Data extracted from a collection

--*--

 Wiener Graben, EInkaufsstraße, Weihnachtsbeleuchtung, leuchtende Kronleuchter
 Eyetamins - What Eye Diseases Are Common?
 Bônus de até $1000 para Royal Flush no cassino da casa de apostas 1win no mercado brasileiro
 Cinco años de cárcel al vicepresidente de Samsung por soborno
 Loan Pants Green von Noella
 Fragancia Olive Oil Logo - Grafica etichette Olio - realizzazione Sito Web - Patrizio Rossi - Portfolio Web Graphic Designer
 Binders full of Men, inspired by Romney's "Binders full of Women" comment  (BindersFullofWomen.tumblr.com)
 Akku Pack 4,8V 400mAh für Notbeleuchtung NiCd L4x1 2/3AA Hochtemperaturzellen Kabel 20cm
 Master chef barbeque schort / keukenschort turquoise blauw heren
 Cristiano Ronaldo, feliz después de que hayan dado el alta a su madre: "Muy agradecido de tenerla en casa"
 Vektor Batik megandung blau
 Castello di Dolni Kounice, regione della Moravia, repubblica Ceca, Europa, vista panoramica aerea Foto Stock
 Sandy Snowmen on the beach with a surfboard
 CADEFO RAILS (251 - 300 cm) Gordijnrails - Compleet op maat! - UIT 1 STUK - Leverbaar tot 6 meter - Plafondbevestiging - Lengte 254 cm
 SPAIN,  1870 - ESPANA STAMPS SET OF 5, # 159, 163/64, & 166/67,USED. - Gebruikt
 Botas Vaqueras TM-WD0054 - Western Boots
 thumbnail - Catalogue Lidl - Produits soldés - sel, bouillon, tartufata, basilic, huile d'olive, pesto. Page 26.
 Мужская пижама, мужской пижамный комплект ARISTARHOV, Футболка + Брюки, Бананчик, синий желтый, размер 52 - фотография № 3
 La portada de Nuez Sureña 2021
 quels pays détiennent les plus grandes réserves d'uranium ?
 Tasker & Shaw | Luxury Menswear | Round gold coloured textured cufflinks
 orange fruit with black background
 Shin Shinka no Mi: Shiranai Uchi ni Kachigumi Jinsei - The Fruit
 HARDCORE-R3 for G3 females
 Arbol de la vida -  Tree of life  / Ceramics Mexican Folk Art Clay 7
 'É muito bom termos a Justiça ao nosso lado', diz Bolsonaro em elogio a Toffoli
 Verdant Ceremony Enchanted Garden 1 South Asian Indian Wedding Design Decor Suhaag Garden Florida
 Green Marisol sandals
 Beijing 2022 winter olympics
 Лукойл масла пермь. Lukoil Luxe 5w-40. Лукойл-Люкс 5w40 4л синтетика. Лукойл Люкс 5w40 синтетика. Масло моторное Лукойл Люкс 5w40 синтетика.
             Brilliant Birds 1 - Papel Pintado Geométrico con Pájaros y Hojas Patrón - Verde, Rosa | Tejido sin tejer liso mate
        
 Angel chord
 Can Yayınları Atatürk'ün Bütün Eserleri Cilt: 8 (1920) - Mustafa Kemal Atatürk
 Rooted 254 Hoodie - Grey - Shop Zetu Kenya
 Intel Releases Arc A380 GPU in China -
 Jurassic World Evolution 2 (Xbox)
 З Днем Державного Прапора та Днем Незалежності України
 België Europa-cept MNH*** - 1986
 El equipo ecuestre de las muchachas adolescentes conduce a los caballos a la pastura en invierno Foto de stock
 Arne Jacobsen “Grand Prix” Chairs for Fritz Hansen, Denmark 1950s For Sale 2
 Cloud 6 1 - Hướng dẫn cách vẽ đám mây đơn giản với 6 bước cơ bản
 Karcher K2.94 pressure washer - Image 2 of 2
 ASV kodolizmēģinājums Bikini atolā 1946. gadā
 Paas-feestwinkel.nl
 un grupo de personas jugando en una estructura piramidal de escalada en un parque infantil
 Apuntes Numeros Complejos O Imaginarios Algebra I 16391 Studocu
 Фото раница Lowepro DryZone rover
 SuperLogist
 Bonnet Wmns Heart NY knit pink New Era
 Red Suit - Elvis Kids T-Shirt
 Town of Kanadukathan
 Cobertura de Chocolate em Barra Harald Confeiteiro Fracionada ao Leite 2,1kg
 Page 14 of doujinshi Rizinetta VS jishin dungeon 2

--*--

PROBLEM REQUIREMENTS
Of the entries above, repeat exactly the lines between the line with "Binders full of Men, inspired" and the line with "Лукойл масла пермь.", inclusive, and no others.

TASK RESULT
 Binders full of Men, inspired by Romney's "Binders full of Women" comment  (BindersFullofWomen.tumblr.com)
 Akku Pack 4,8V 400mAh für Notbeleuchtung NiCd L4x1 2/3AA Hochtemperaturzellen Kabel 20cm
 Master chef barbeque schort / keukenschort turquoise blauw heren
 Cristiano Ronaldo, feliz después de que hayan dado el alta a su madre: "Muy agradecido de tenerla en casa"
 Vektor Batik megandung blau
 Castello di Dolni Kounice, regione della Moravia, repubblica Ceca, Europa, vista panoramica aerea Foto Stock
 Sandy Snowmen on the beach with a surfboard
 CADEFO RAILS (251 - 300 cm) Gordijnrails - Compleet op maat! - UIT 1 STUK - Leverbaar tot 6 meter - Plafondbevestiging - Lengte 254 cm
 SPAIN,  1870 - ESPANA STAMPS SET OF 5, # 159, 163/64, & 166/67,USED. - Gebruikt
 Botas Vaqueras TM-WD0054 - Western Boots
 thumbnail - Catalogue Lidl - Produits soldés - sel, bouillon, tartufata, basilic, huile d'olive, pesto. Page 26.
 Мужская пижама, мужской пижамный комплект ARISTARHOV, Футболка + Брюки, Бананчик, синий желтый, размер 52 - фотография № 3
 La portada de Nuez Sureña 2021
 quels pays détiennent les plus grandes réserves d'uranium ?
 Tasker & Shaw | Luxury Menswear | Round gold coloured textured cufflinks
 orange fruit with black background
 Shin Shinka no Mi: Shiranai Uchi ni Kachigumi Jinsei - The Fruit
 HARDCORE-R3 for G3 females
 Arbol de la vida -  Tree of life  / Ceramics Mexican Folk Art Clay 7
 'É muito bom termos a Justiça ao nosso lado', diz Bolsonaro em elogio a Toffoli
 Verdant Ceremony Enchanted Garden 1 South Asian Indian Wedding Design Decor Suhaag Garden Florida
 Green Marisol sandals
 Beijing 2022 winter olympics
 Лукойл масла пермь. Lukoil Luxe 5w-40. Лукойл-Люкс 5w40 4л синтетика. Лукойл Люкс 5w40 синтетика. Масло моторное Лукойл Люкс 5w40 синтетика.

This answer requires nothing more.